A boxed set, or box set (American English), is a set of items (for example, a compilation of books, musical recordings, films or television programs) traditionally packaged in a box, hence 'boxed', and offered for sale as a single unit.

==Music==
Artists and bands with a long and successful career often have anthology or "essential" collections of their music released as boxed sets. These often include rare and never-before-released tracks. Some boxed sets collect previously released singles or albums by a music artist, and often collect the complete discography of an artist, such as Pink Floyd's Oh, by the Way and Discovery sets. Sometimes bands release expanded versions of their most successful albums, such as Pink Floyd's Immersion versions of their The Dark Side of the Moon (1973), Wish You Were Here (1975) and The Wall (1979) boxes. Pink Floyd have also released The Early Years 1965–1972 boxed set, which features mostly unreleased material.

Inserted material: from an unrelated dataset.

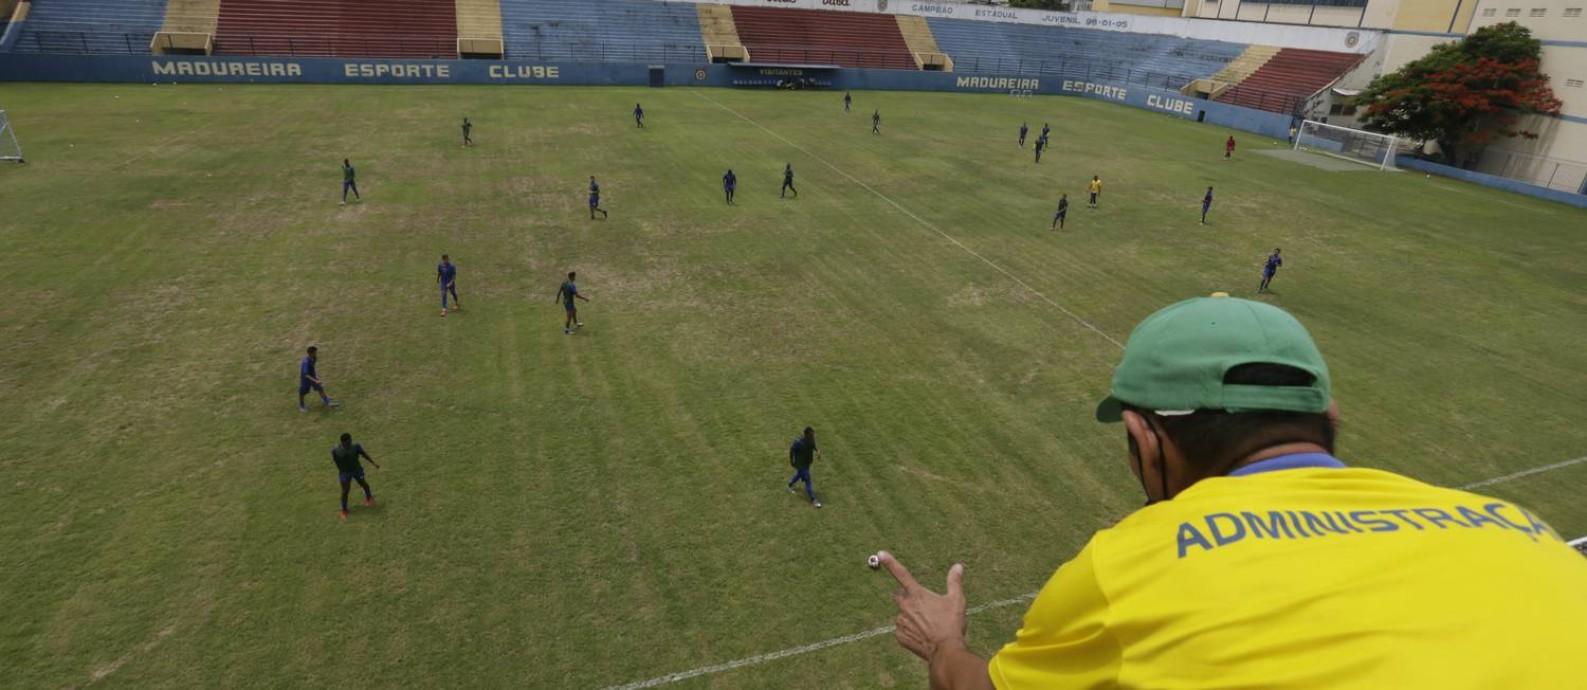 Conselheiro Galvão, do Madureira, é um dos estádios já prontos para o Estadual Foto: Custódio Coimbra / Agência O Globo

Other music boxed sets compile different artists from a particular genre such as big band jazz, 1960s rock and roll, or opera. They generally feature a collection of various hits from some of the top artists of a particular genre. The scope of such boxed sets varies widely, with some genre-specific boxed sets (such as one featuring rock music) focusing on a specific style (for instance, guitar rock or "Summer of Love" music). Two of the companies best known for making boxed sets are Legacy Recordings and Rhino Records; both have won multiple Grammy Awards. Prior to Rhino and Legacy, companies such as Time-Life Records and Reader's Digest also issued boxed sets.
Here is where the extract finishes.